Core Concepts
AdaFold optimizes cloth folding trajectories using feedback-loop manipulation and semantic descriptors.
Abstract
The article introduces AdaFold, a model-based framework for optimizing cloth folding trajectories through feedback-loop manipulation. It leverages semantic descriptors from pre-trained visual-language models to enhance the particle representation of cloth. The experiments demonstrate AdaFold's ability to adapt folding trajectories to cloths with varying physical properties and generalize from simulation to real-world execution.
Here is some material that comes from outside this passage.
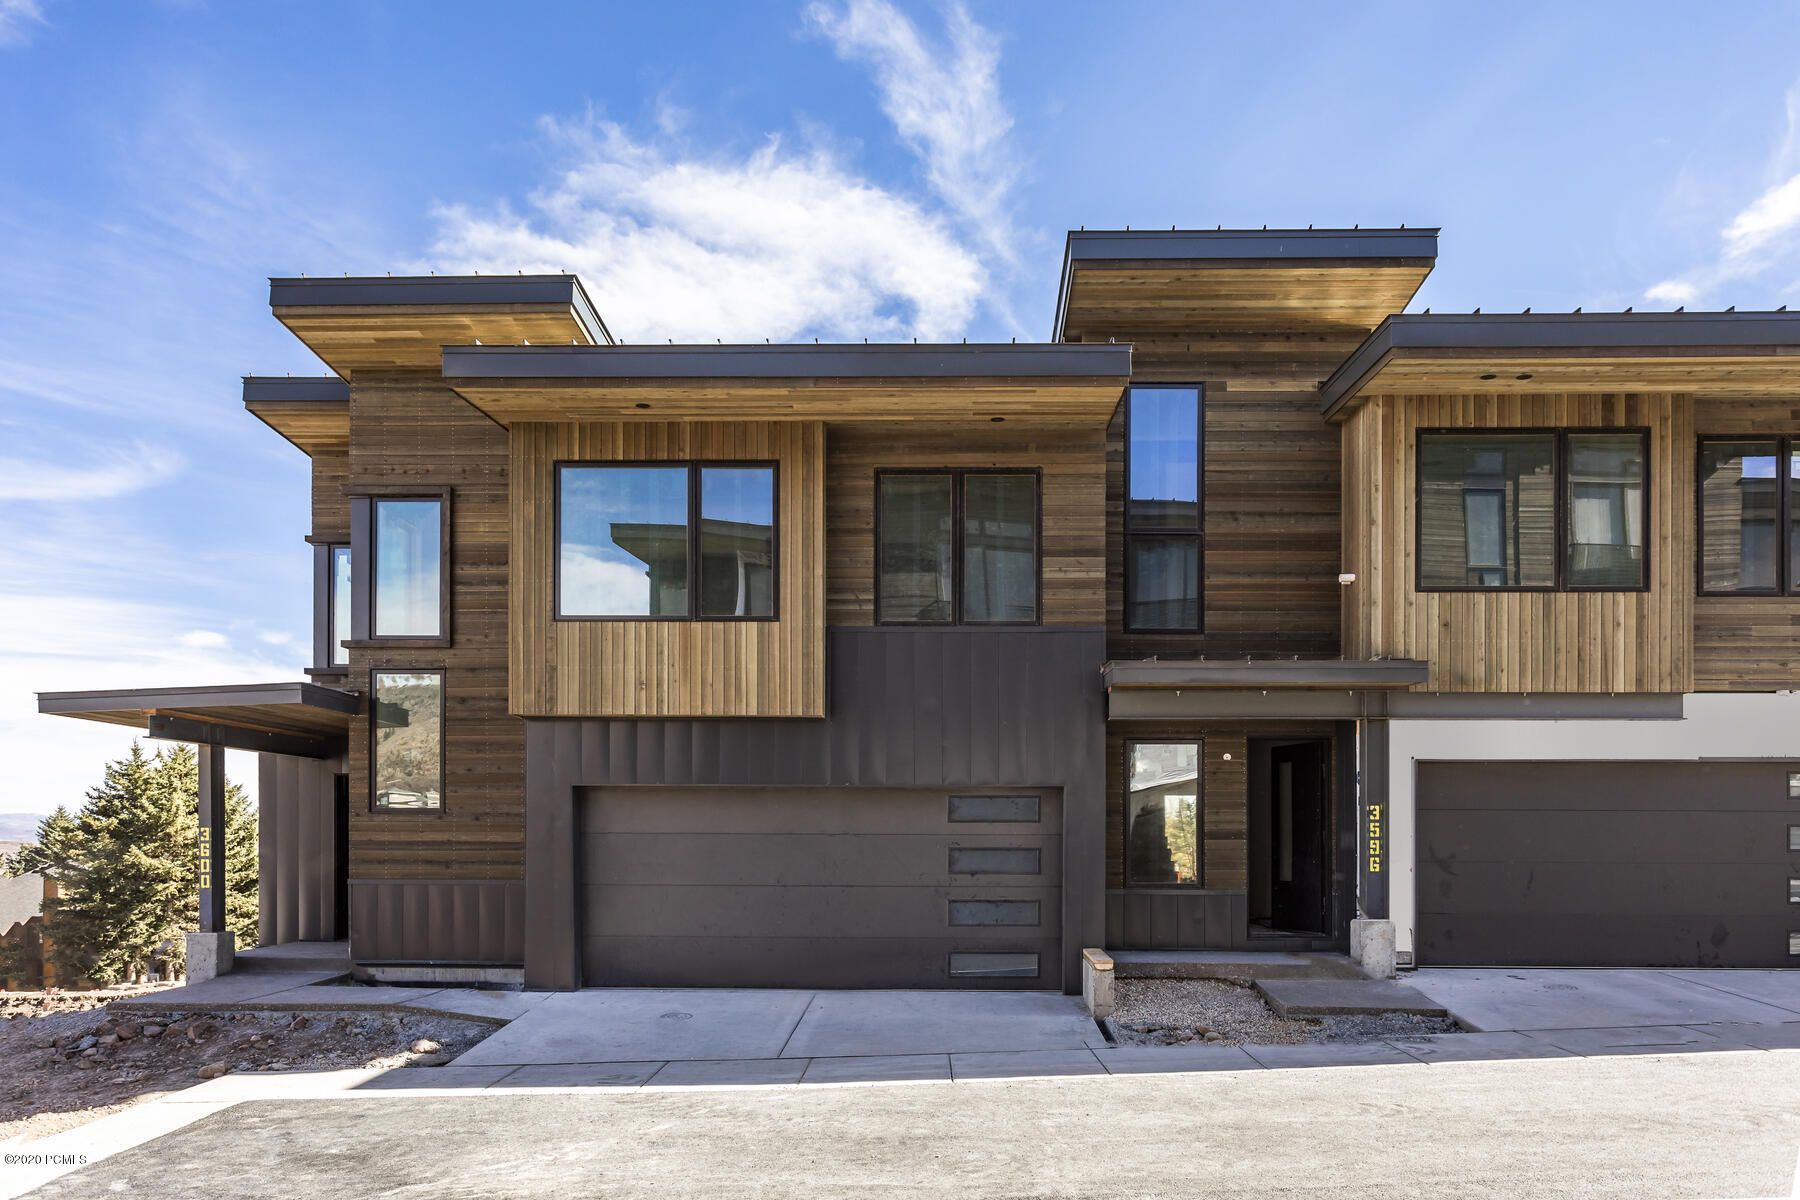 3541 Ridgeline Drive, Park City, Utah 84098, 5 Bedrooms Bedrooms, ,5 BathroomsBathrooms,Condominium,For Sale,Ridgeline,12002800

The content is structured into sections covering Introduction, Related Work, Problem Formulation, Cloth Perception, Trajectory Optimization, Implementation Details, Experimental Results, Ablation Study, Real World Experiments, and Semantic Cloth Representation.
Stats
AdaFold는 옷을 접는 궤적을 최적화하기 위한 모델 기반 피드백 루프 프레임워크입니다.
AdaFold는 시뮬레이션에서 실제 세계로의 일반화를 통해 옷의 물리적 특성이 다른 옷에 대한 접는 궤적을 적응시키는 능력을 시연합니다.
Quotes
"AdaFold adapts folding trajectories to cloths with varying physical properties and generalizes from simulated training to real-world execution."
"Our experiments validate the hypothesis that AdaFold adapts folding trajectories to variations in physical properties, positions, and sizes of cloths."